In deze zaak gaat het om het ontslag op staande voet van een casinomedewerker, [verzoeker], die beschuldigd werd van het doorspelen van vertrouwelijke bedrijfsinformatie aan een gast van het casino. Het Gerechtshof Den Haag heeft op 19 december 2017 uitspraak gedaan in hoger beroep, waarbij de eerdere beslissing van de kantonrechter werd bekrachtigd. De kantonrechter had geoordeeld dat er voldoende bewijs was voor de dringende reden van ontslag, namelijk het schenden van de geheimhoudingsplicht door [verzoeker].
De feiten van de zaak zijn als volgt: [verzoeker] was op 5 september 2016 gehoord door zijn werkgever, JHV Hospitality B.V. (JVH), en werd diezelfde dag op staande voet ontslagen. JVH had eerder toestemming gekregen van het Landelijk Parket om intern actie te ondernemen na een strafrechtelijk onderzoek. Het hof oordeelde dat JVH de opzegging onverwijld had gedaan, aangezien de gesprekken met betrokken werknemers snel na de toestemming waren ingepland.
Het hof heeft vastgesteld dat [verzoeker] op de hoogte was van de gedragsregels en de geheimhoudingsplicht die golden binnen JVH. De ernst van de schending van deze regels, door vertrouwelijke informatie te delen met een gast, werd door het hof als voldoende reden voor ontslag op staande voet beschouwd. Het hof verwierp de argumenten van [verzoeker] dat het ontslag onterecht was en dat hij niet voldoende was geïnformeerd over de reden van zijn ontslag.
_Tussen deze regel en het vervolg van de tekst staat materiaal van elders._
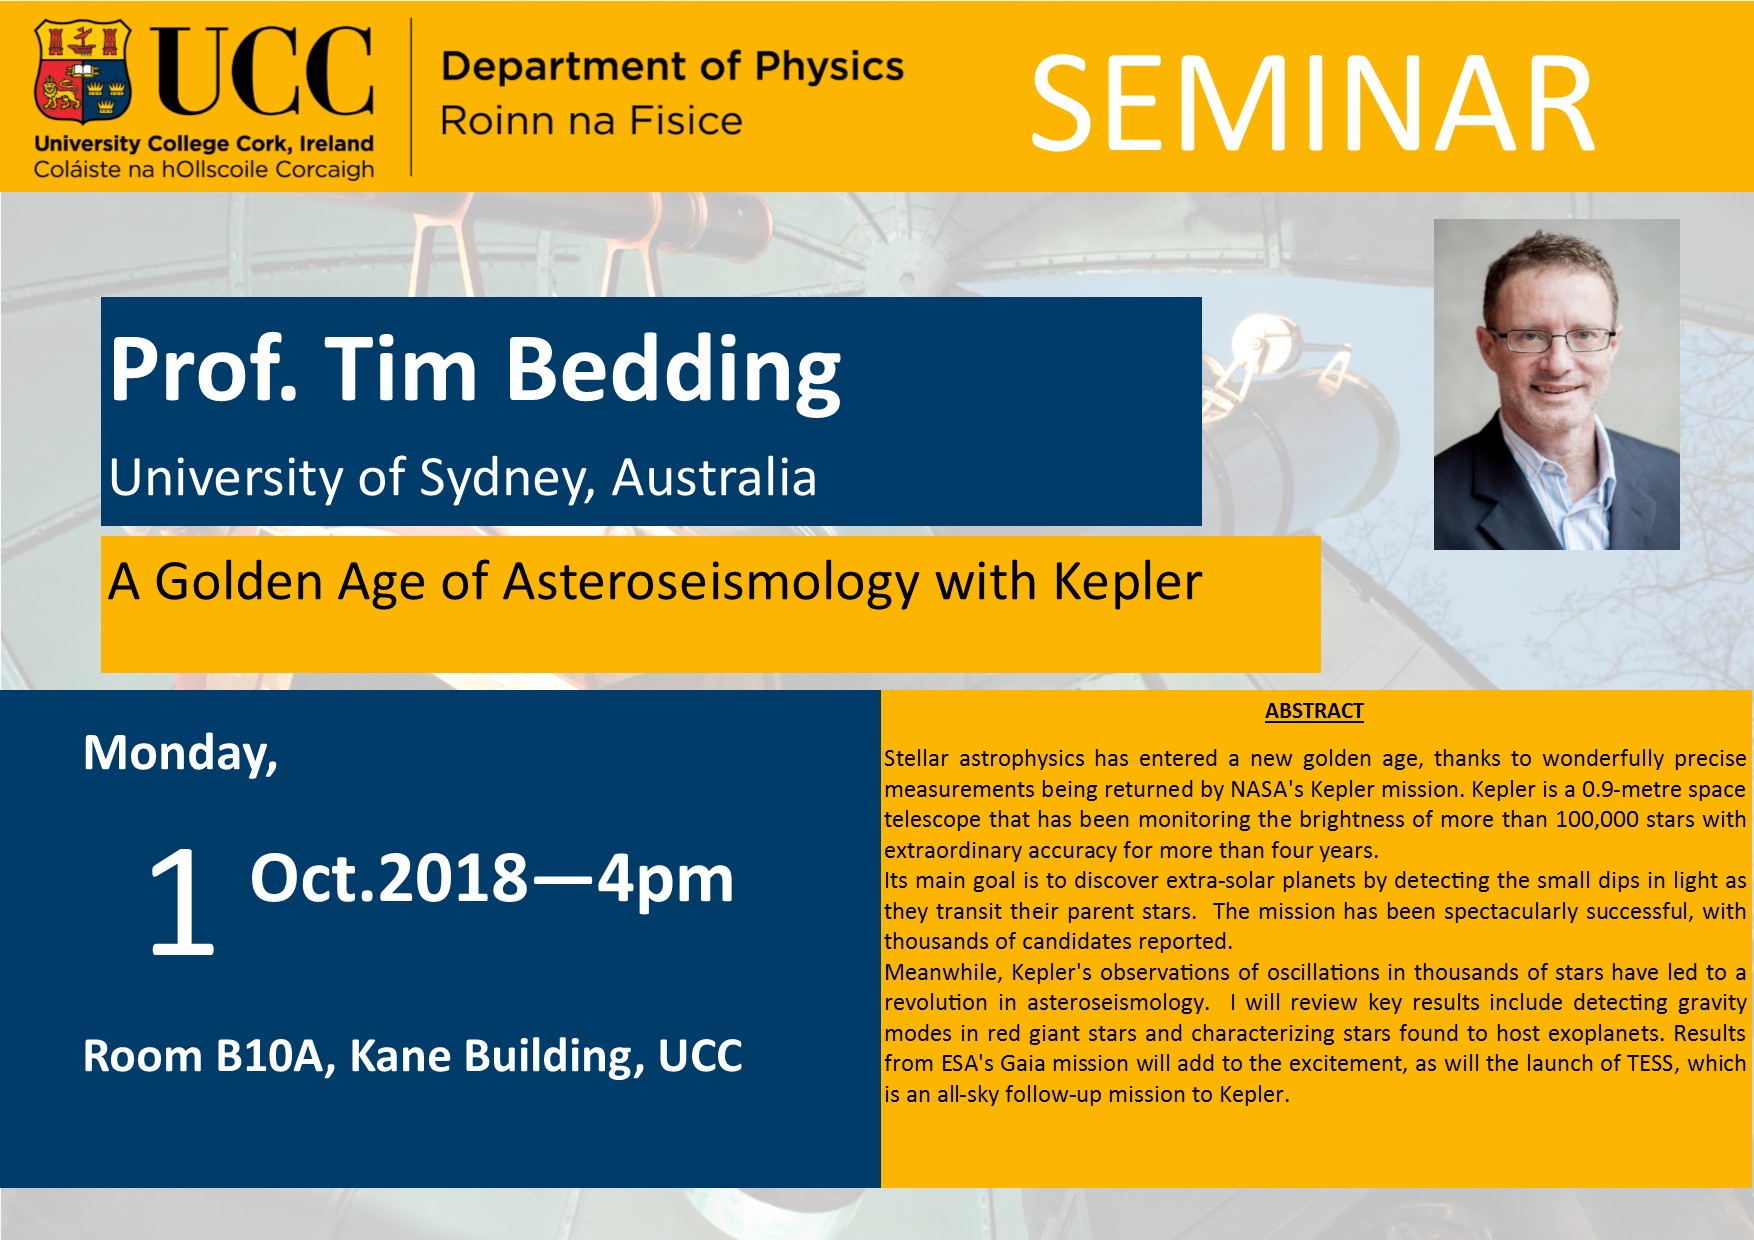 1 Oct 2018 Tim Bedding Seminar Poster

De uitspraak concludeert dat het ontslag rechtsgeldig was en dat [verzoeker] ook aansprakelijk was voor de kosten van het hoger beroep, die aan de zijde van JVH werden begroot. De beslissing van de kantonrechter werd bekrachtigd, en [verzoeker] werd veroordeeld tot betaling van een schadevergoeding wegens onregelmatige opzegging en een boete voor het schenden van de geheimhoudingsplicht.